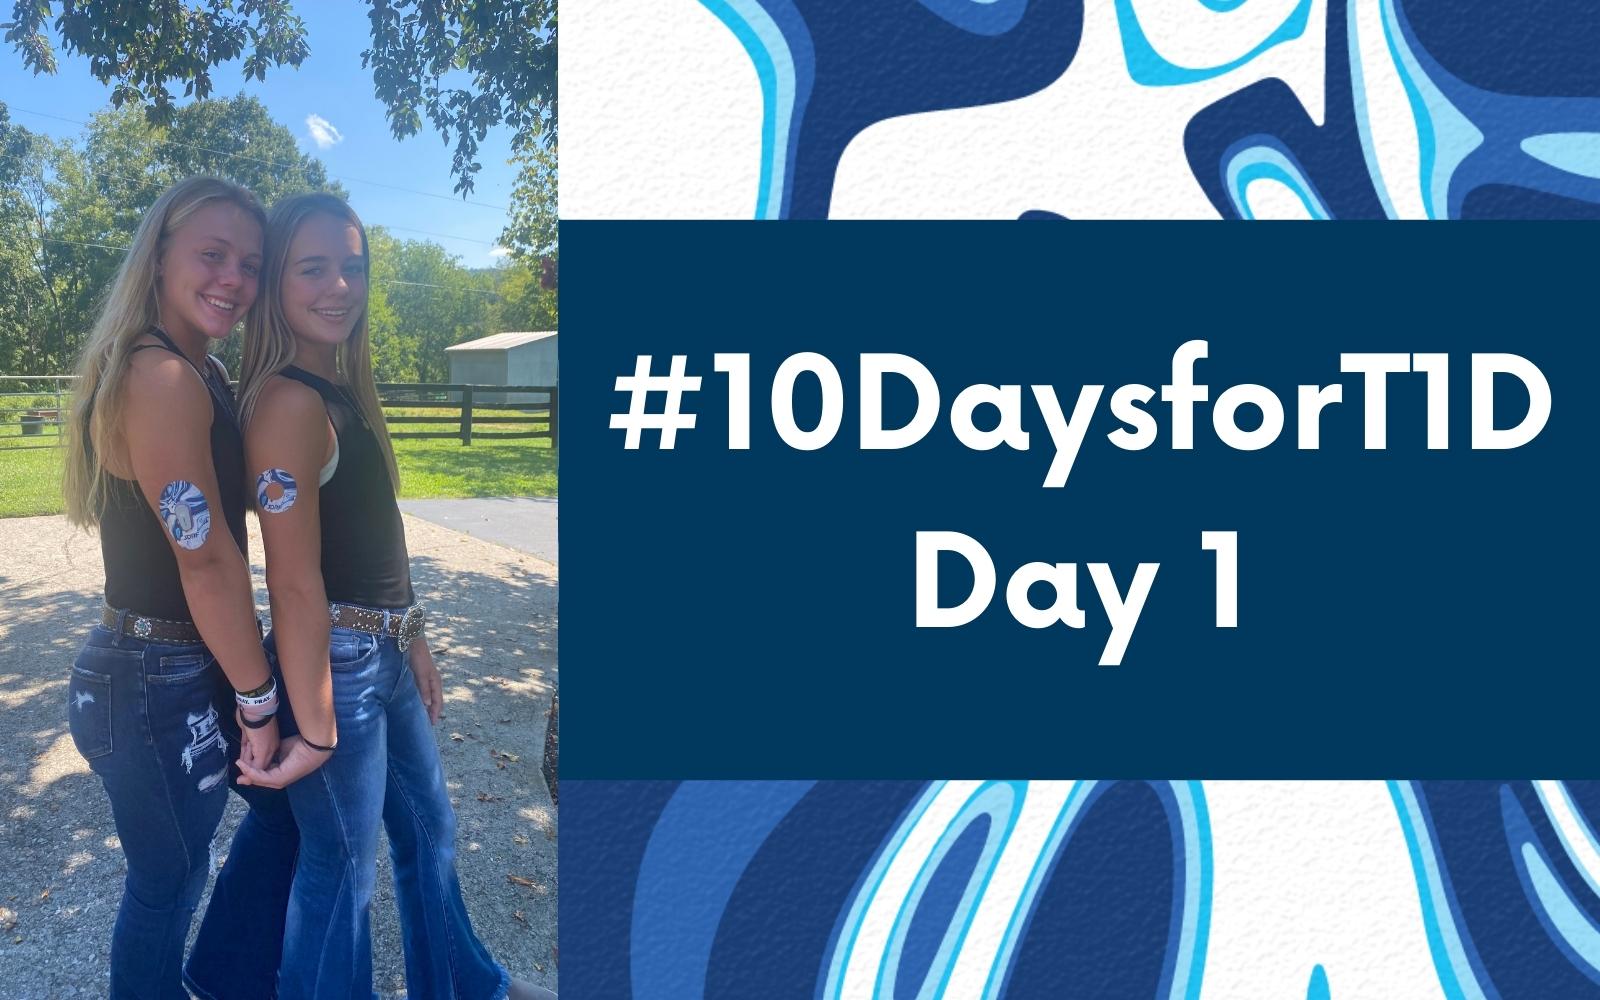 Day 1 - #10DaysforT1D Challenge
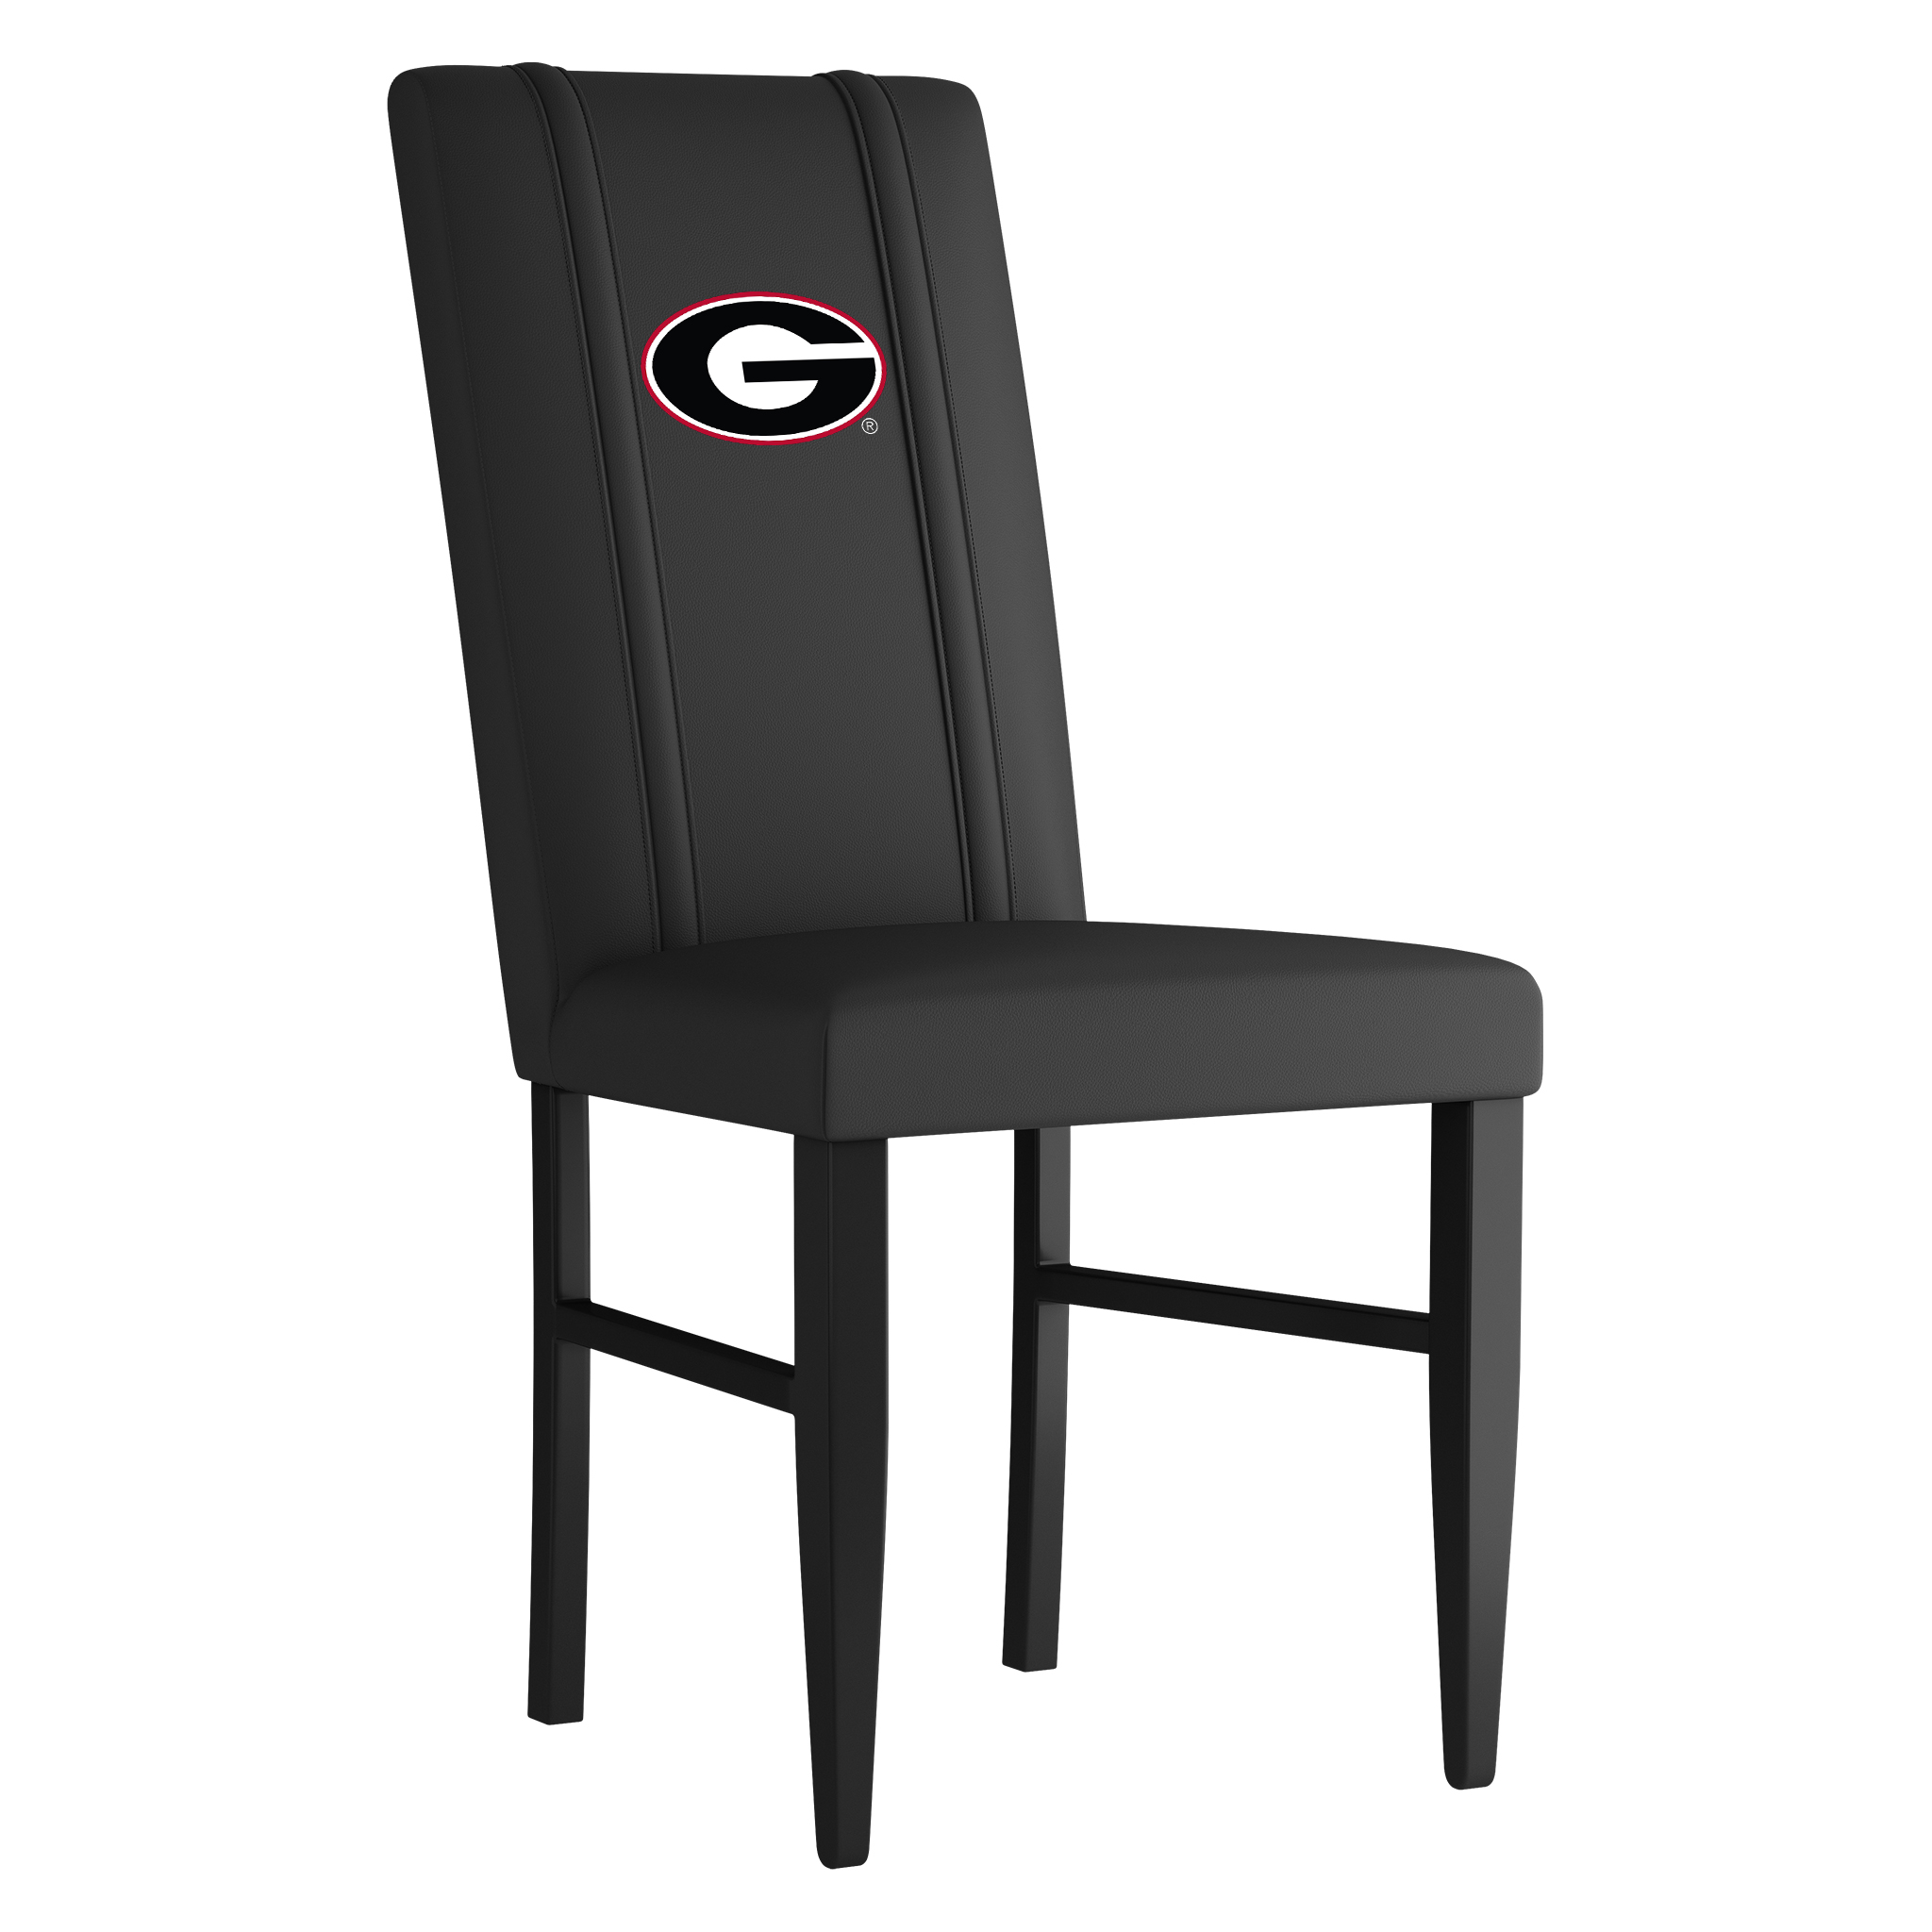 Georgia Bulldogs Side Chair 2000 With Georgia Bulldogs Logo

------------------------------------------------------------

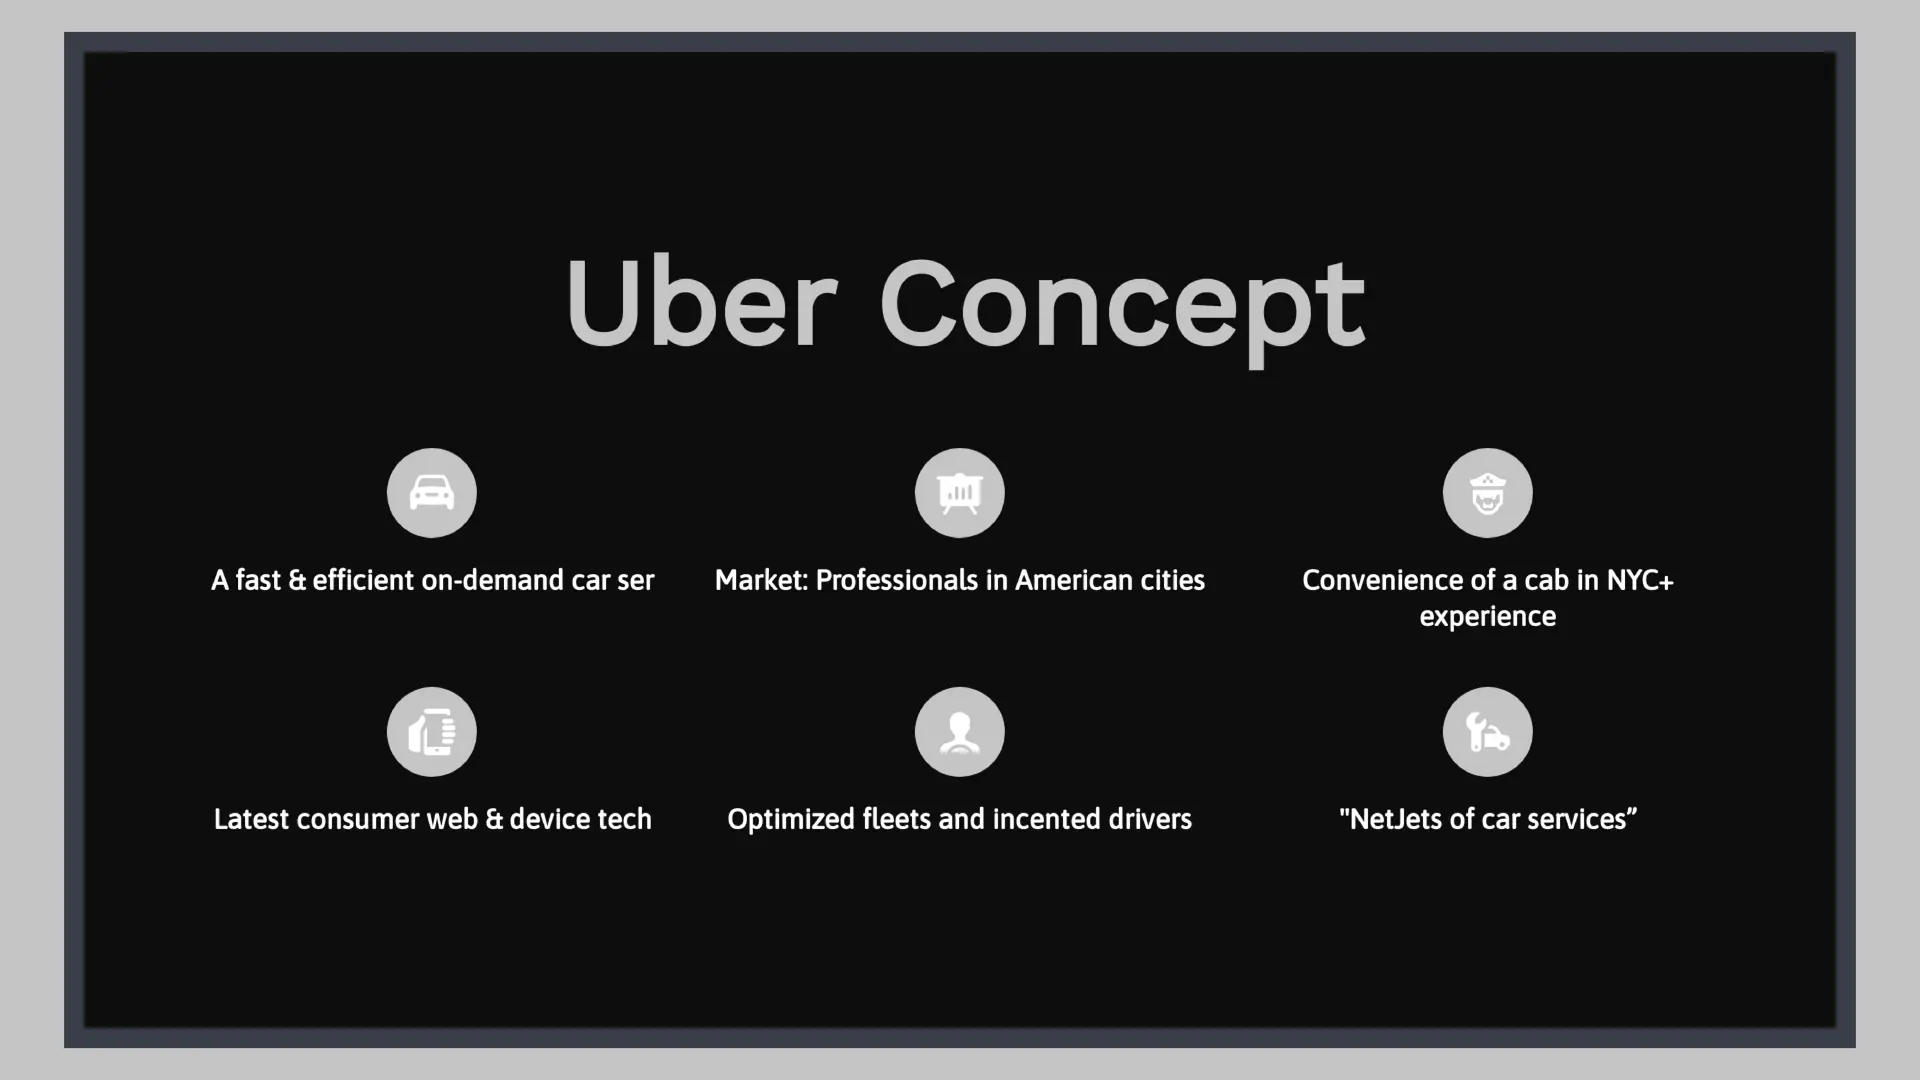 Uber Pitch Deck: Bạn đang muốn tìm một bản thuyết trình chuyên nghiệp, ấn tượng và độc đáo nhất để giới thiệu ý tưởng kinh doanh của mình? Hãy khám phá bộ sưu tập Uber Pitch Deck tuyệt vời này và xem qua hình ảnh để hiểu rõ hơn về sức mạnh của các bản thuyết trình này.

------------------------------------------------------------

• **Description of the task**
An exact copy is needed of the stretch above that opens with the line containing "Day 1 - #10DaysforT1D Challenge" and closes with the line containing "Georgia Bulldogs Side"; the pictures are not part of it.

• **Output for this task**
 Day 1 - #10DaysforT1D Challenge
 Georgia Bulldogs Side Chair 2000 With Georgia Bulldogs Logo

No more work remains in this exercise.